#### Task description
In the data below, find the line with "Lacoste Classic Fit" and output it along with every later line, exactly, but not the pictures.

#### Collected material
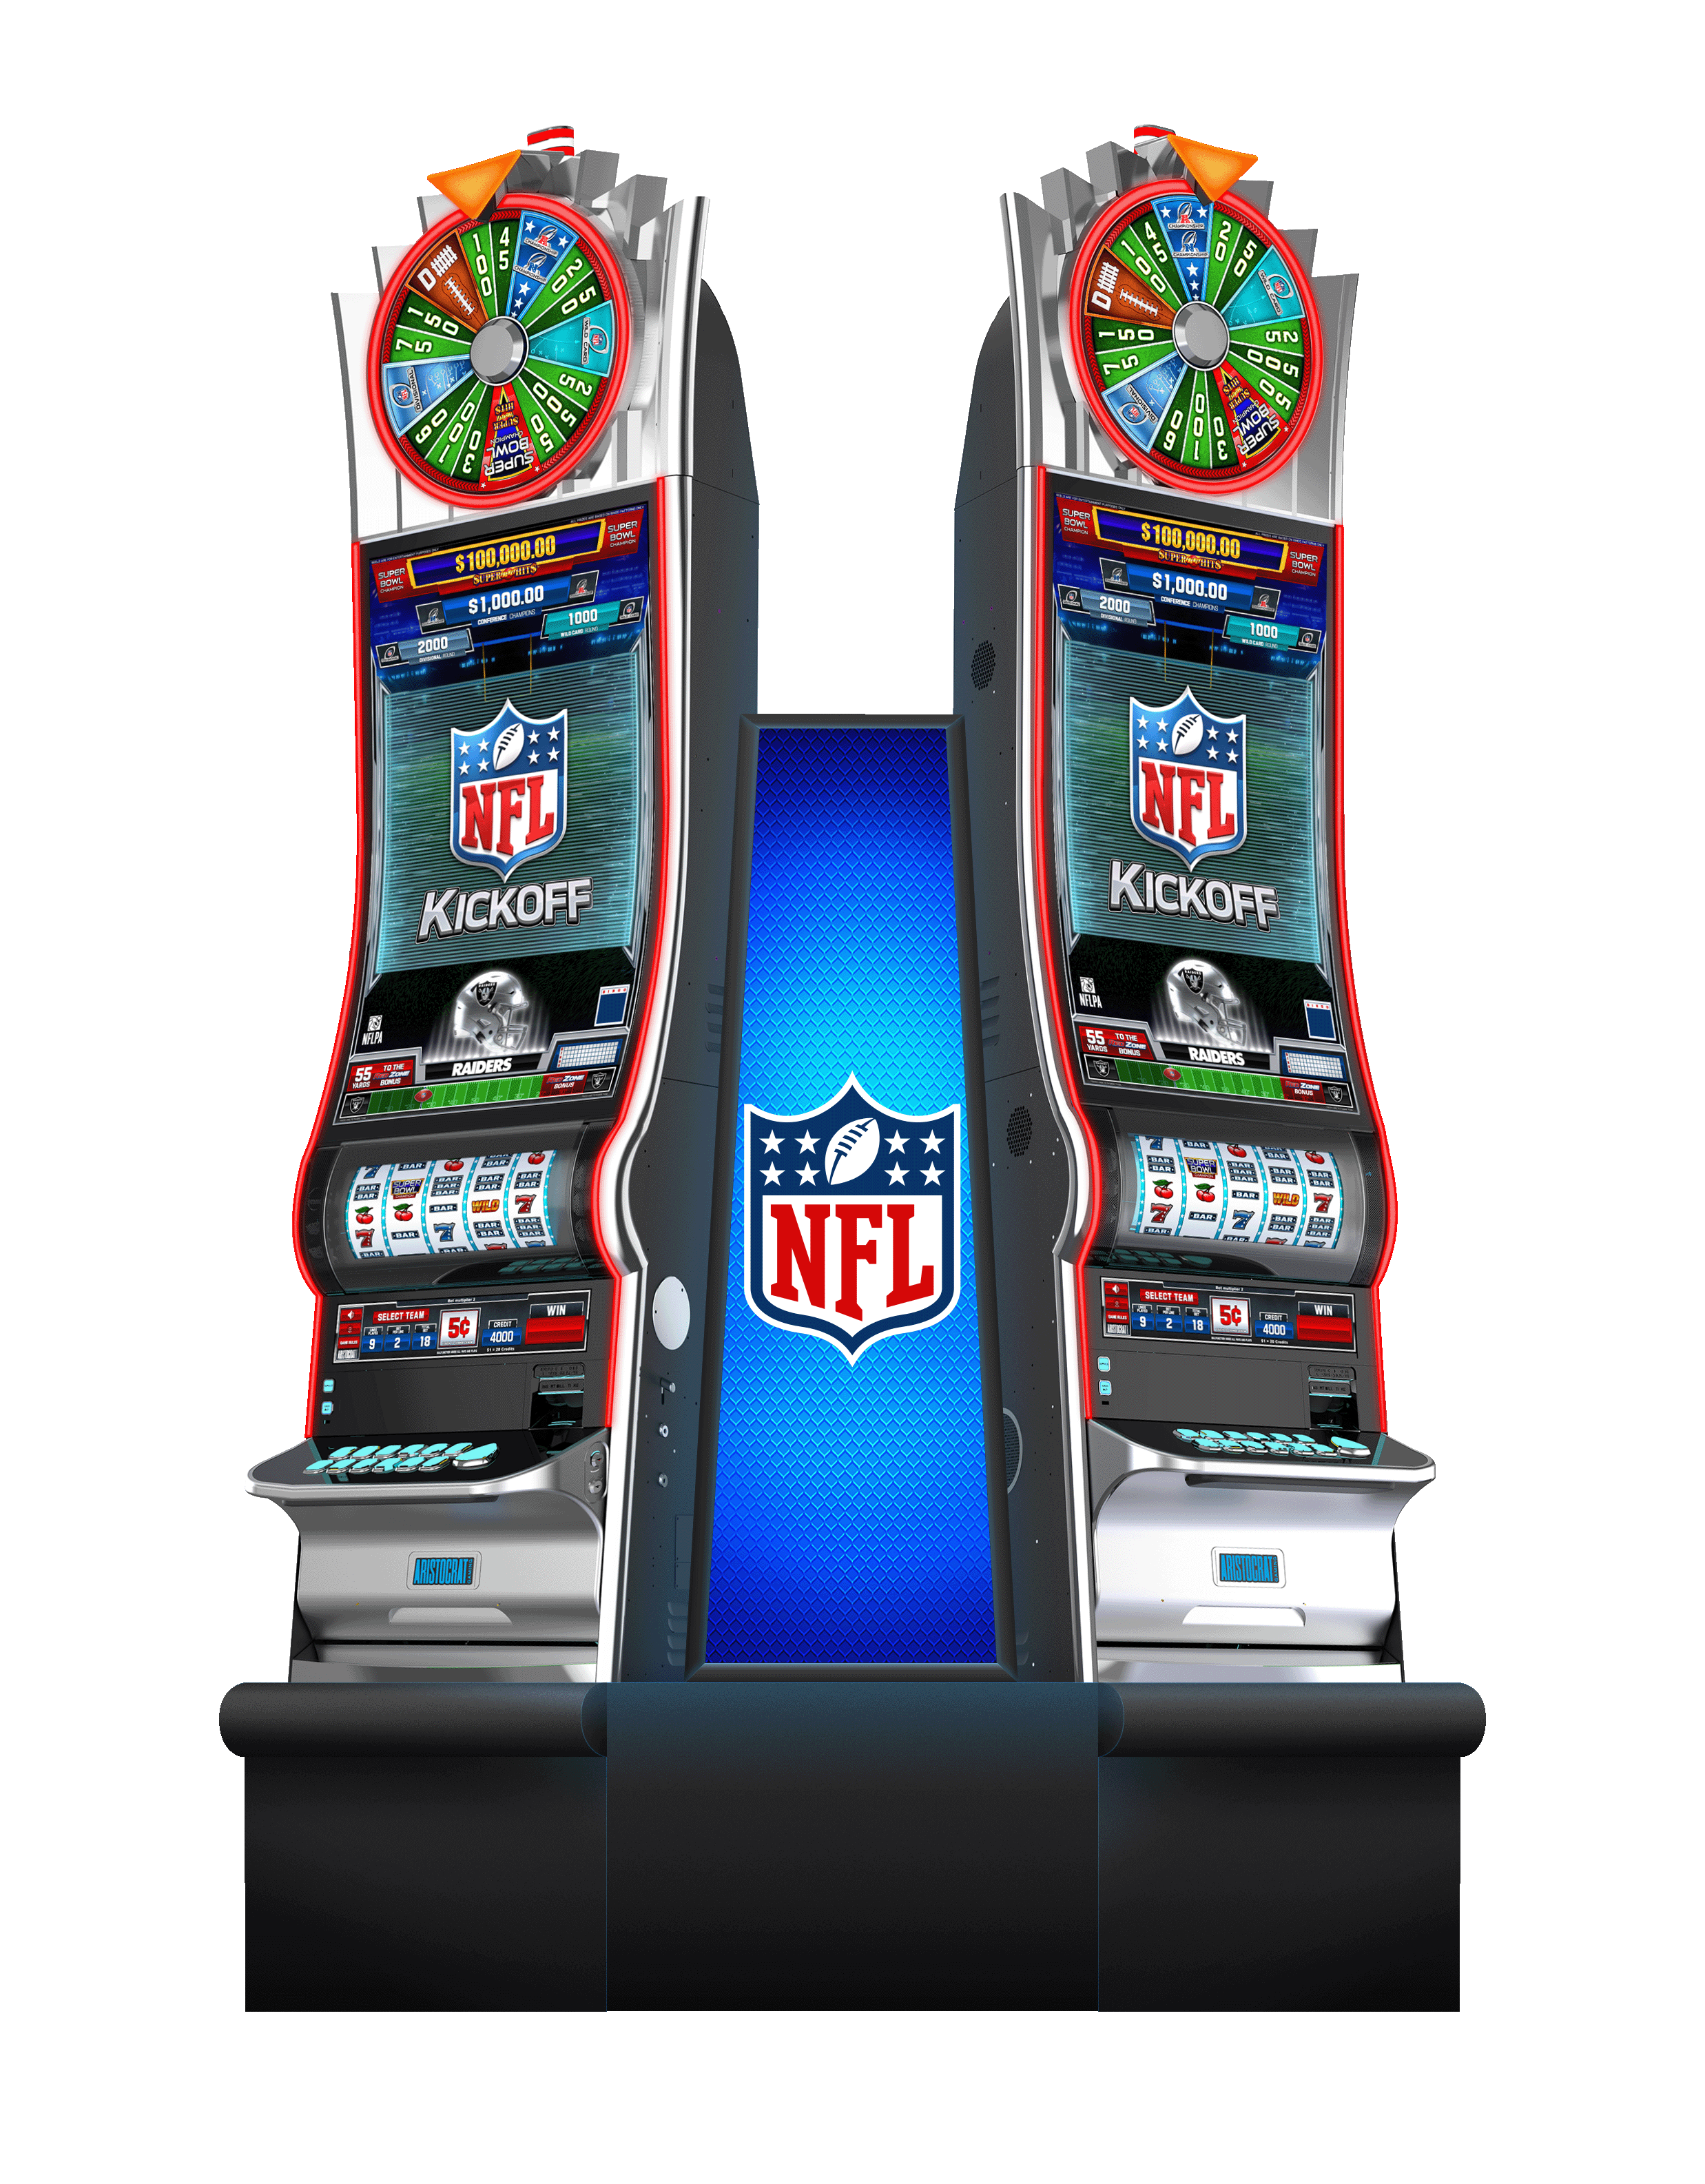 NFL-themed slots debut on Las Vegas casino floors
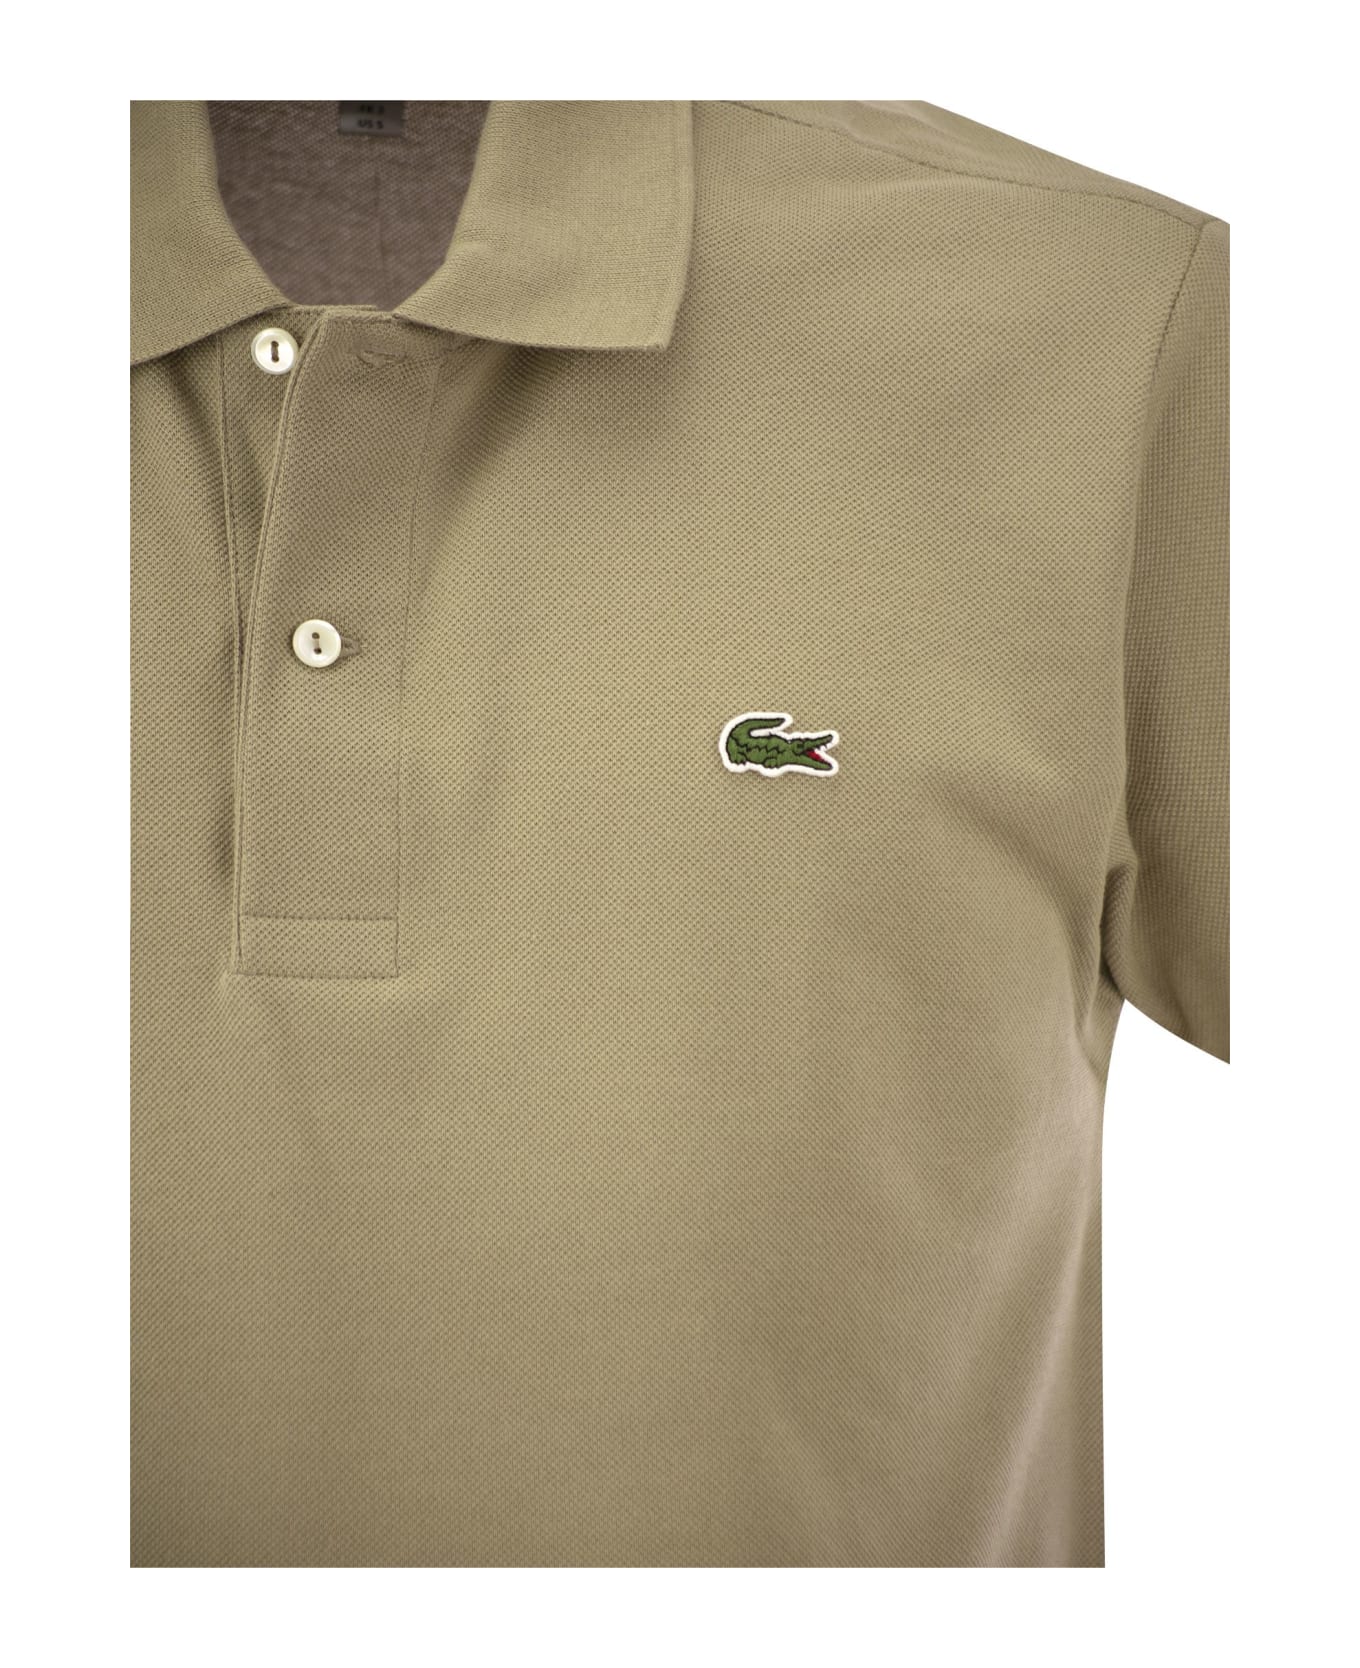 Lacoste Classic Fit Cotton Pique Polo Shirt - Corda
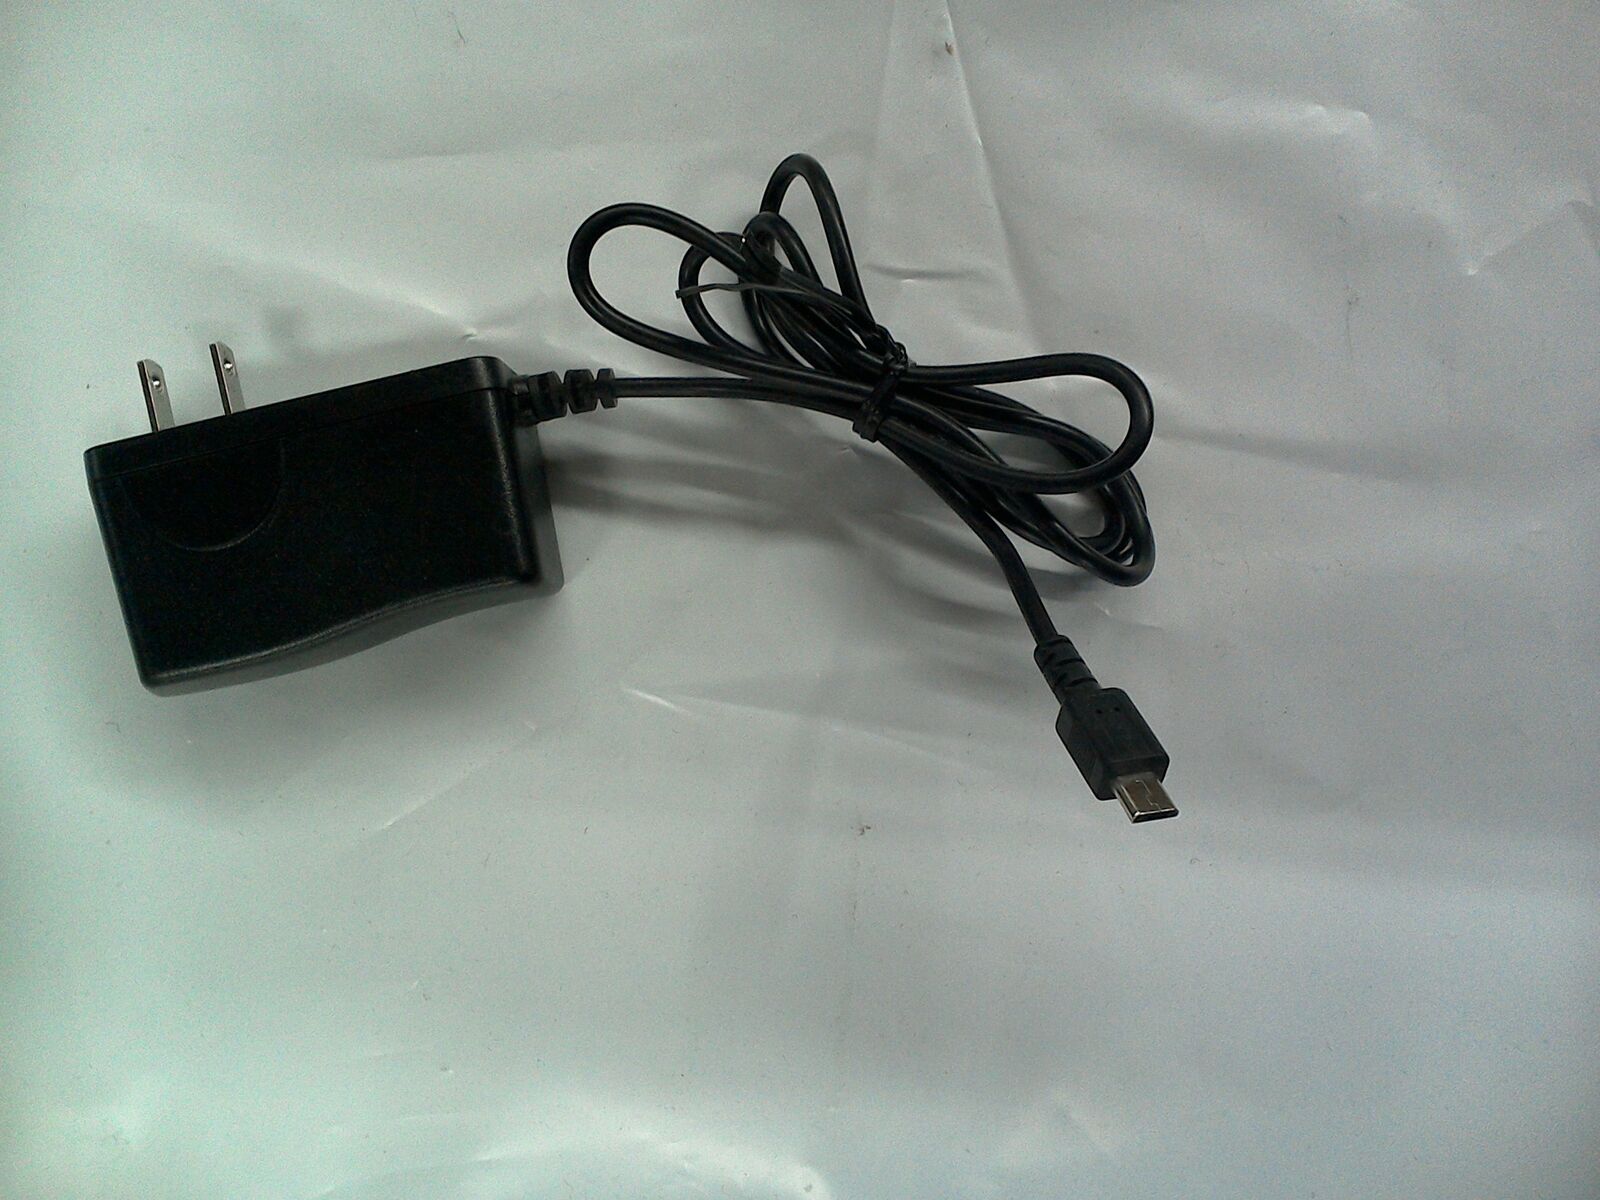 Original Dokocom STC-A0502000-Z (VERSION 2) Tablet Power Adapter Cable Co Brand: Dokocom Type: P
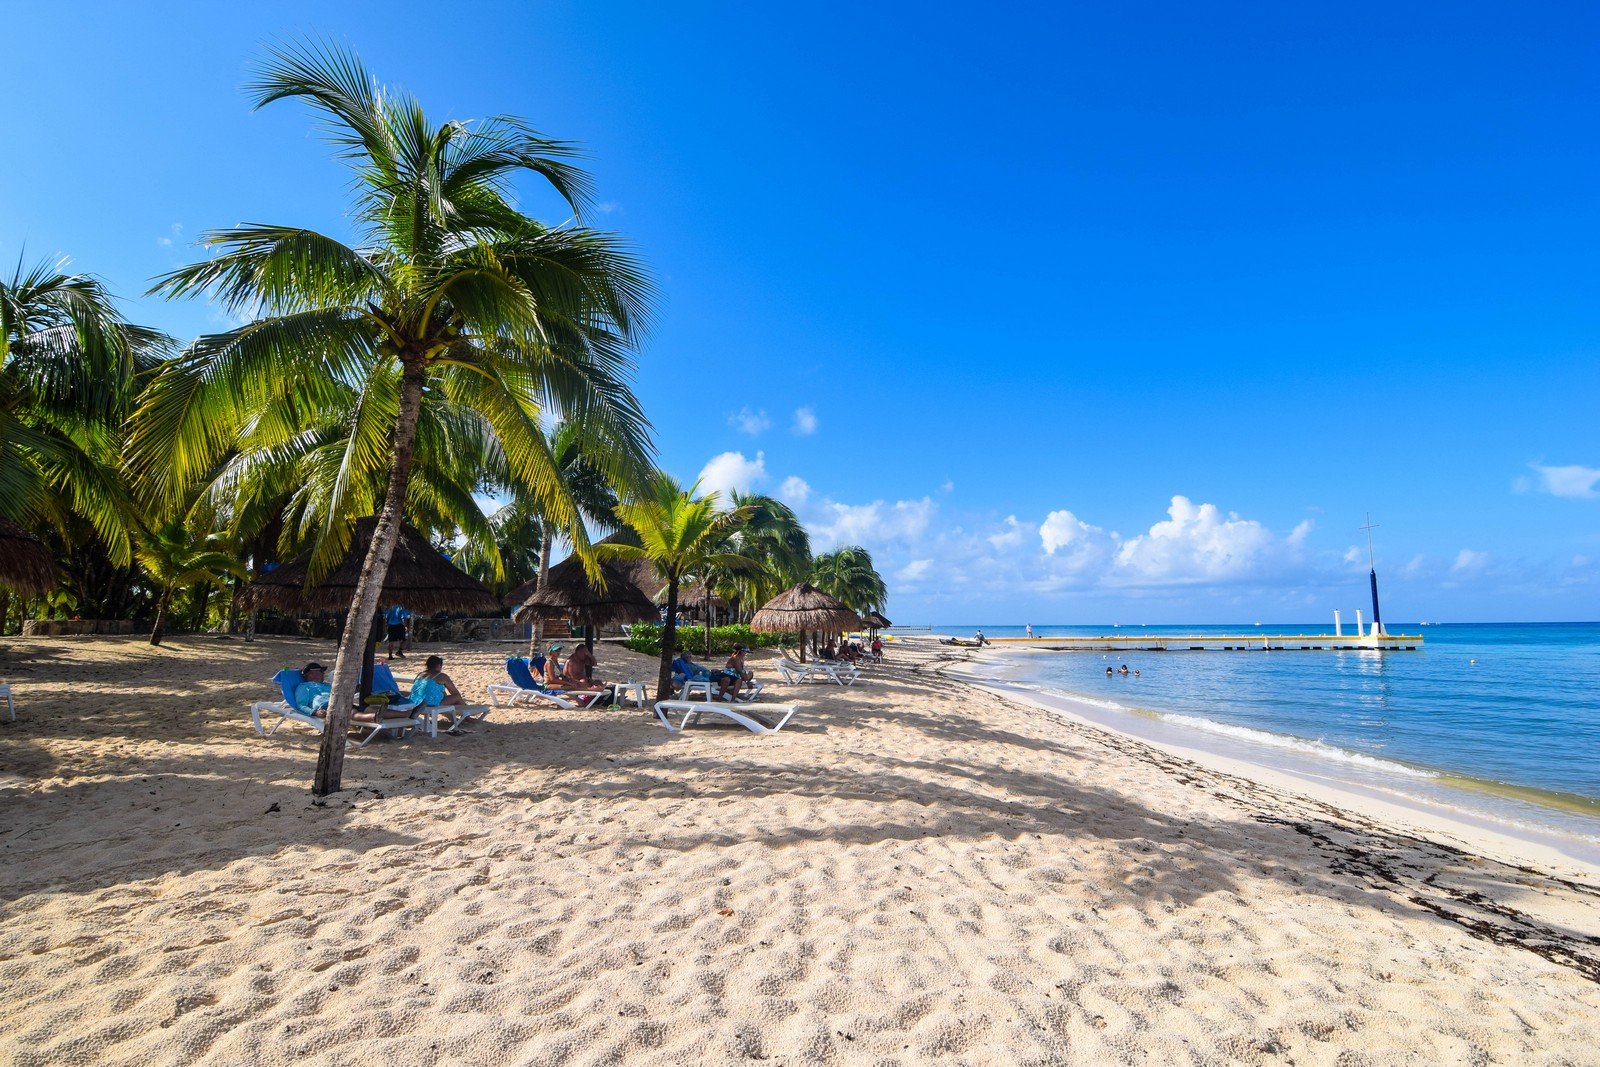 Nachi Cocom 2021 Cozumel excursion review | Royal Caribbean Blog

#### Answer for the task
 Lacoste Classic Fit Cotton Pique Polo Shirt - Corda
 Original Dokocom STC-A0502000-Z (VERSION 2) Tablet Power Adapter Cable Co Brand: Dokocom Type: P
 Nachi Cocom 2021 Cozumel excursion review | Royal Caribbean Blog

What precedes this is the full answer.